Chicken & Corn Noodle Soup
Chicken & Corn Noodle Soup is one of those meals that feels like a warm hug in a bowl. Ready in under 30 minutes, it’s perfect for busy nights, cool weather, or those moments when you just need something soothing and nourishing. With its tender shredded chicken, sweet pops of corn, silky egg ribbons, and slurpable noodles, this soup is both light and satisfying, proof that comfort food doesn’t have to be heavy.
This recipe is fantastic for families. Kids love the noodles and the natural sweetness of corn, while adults appreciate the aromatic lift from ginger and spring onion. It’s also a lifesaver if someone in the household is feeling under the weather — warm broth, protein-rich chicken, and the healing kick of ginger make it a go-to sick-day remedy. For individuals or couples, it’s the kind of quick one-pot meal that yields leftovers for the next day, making it as practical as it is delicious.
What makes this soup special is its clever layering of flavours and textures.
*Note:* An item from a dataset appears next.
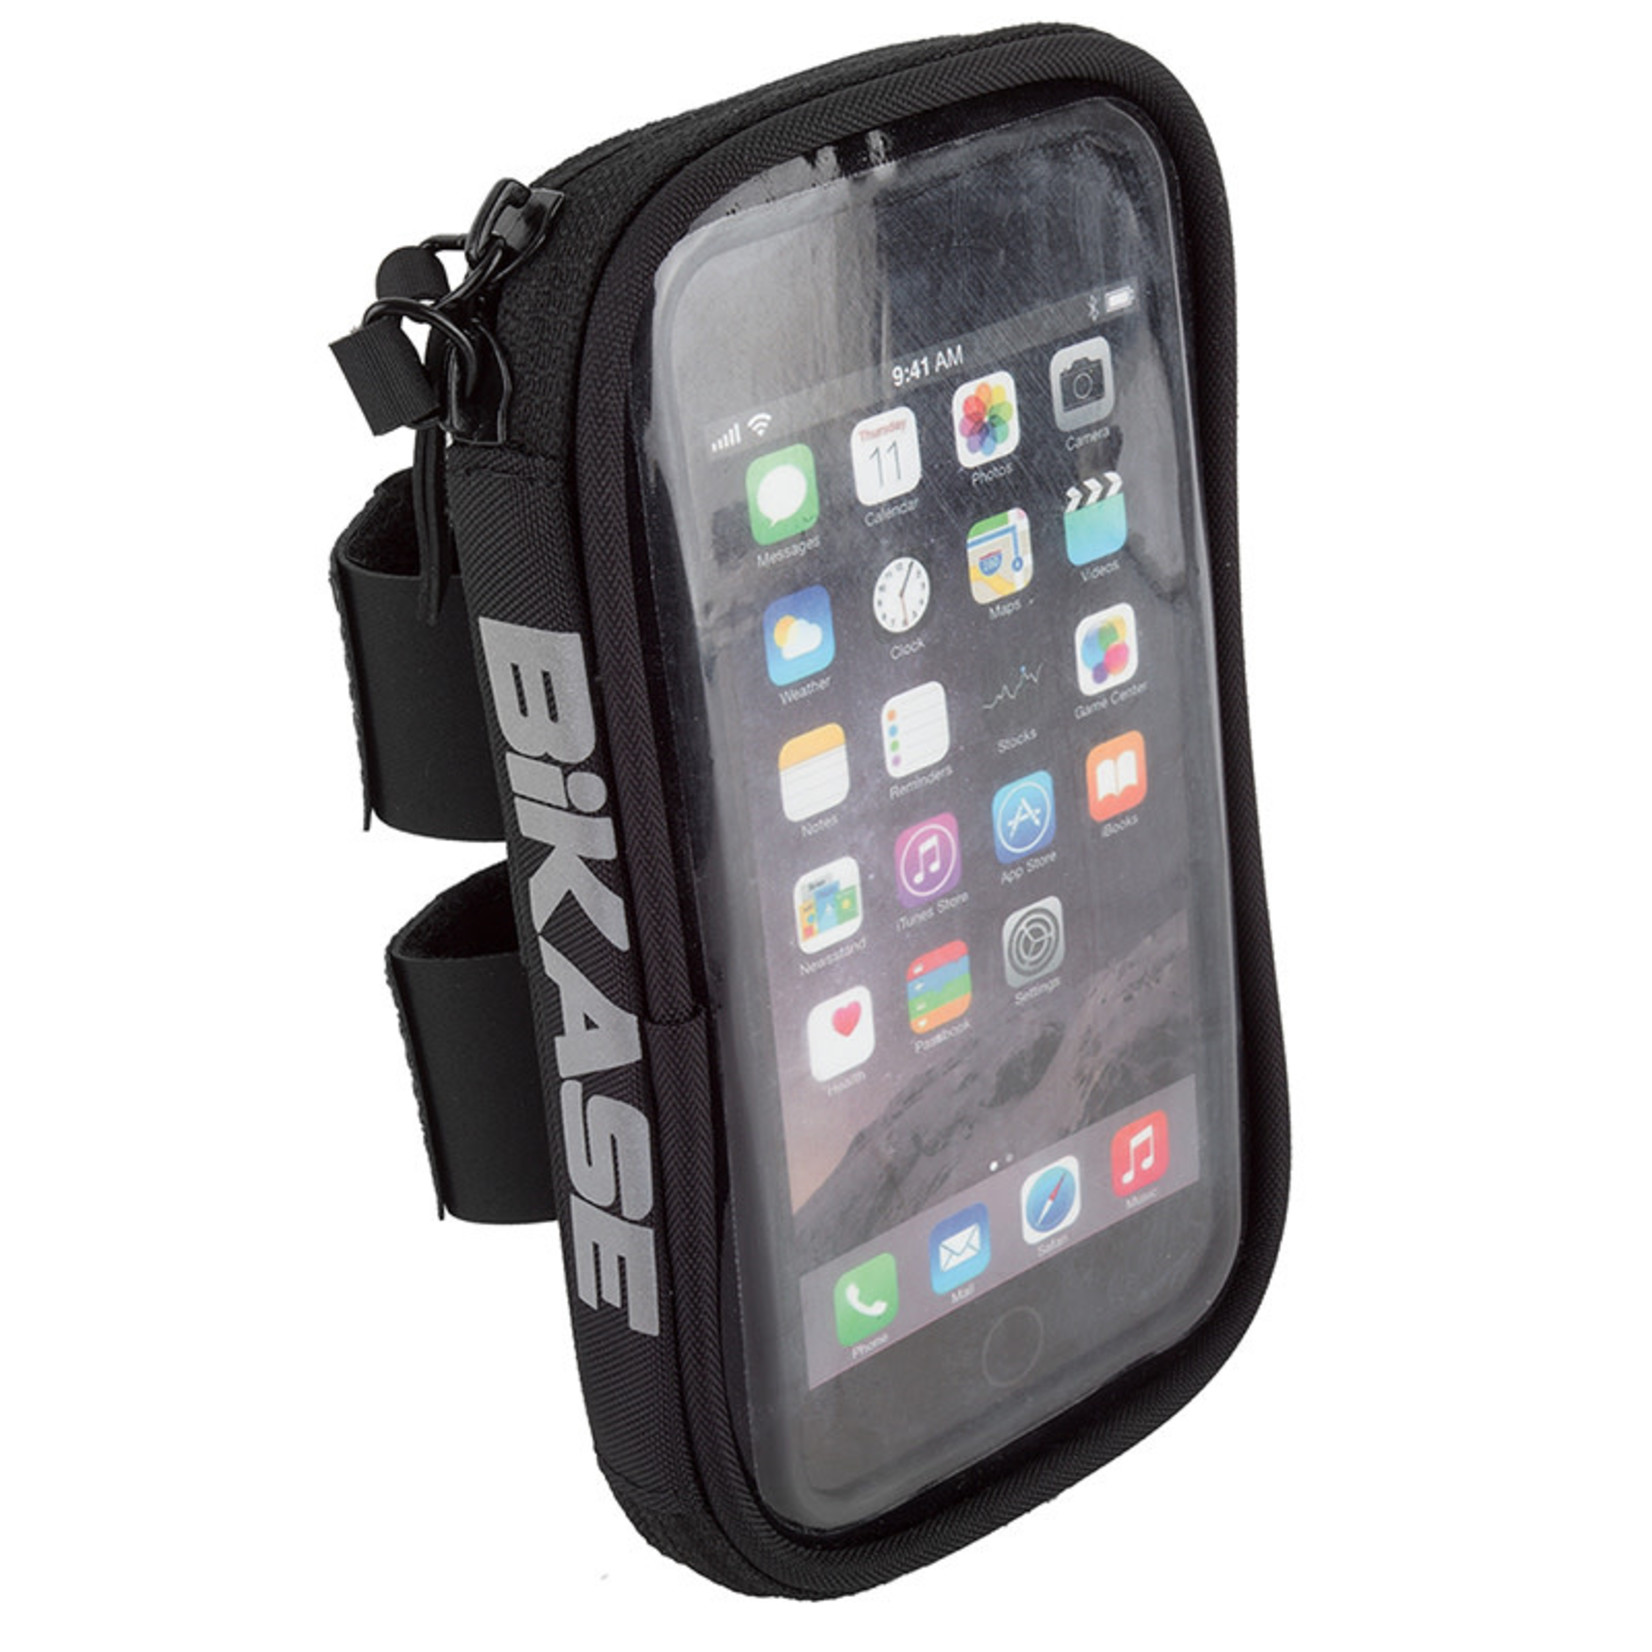 BIKASE Handy Andy 5/Handlebar Case for iphone, Android, Smartphones

The chicken tenderloins cook quickly in the stock, giving you tender meat in minutes. Creamed corn adds body and a gentle sweetness without the need for cream, while fresh corn kernels add texture and freshness. Ginger brings gentle warmth, soy sauce rounds out the savouriness, and the eggs create silky ribbons that turn the broth into something truly comforting. Adding noodles makes it hearty enough to stand on its own as a meal.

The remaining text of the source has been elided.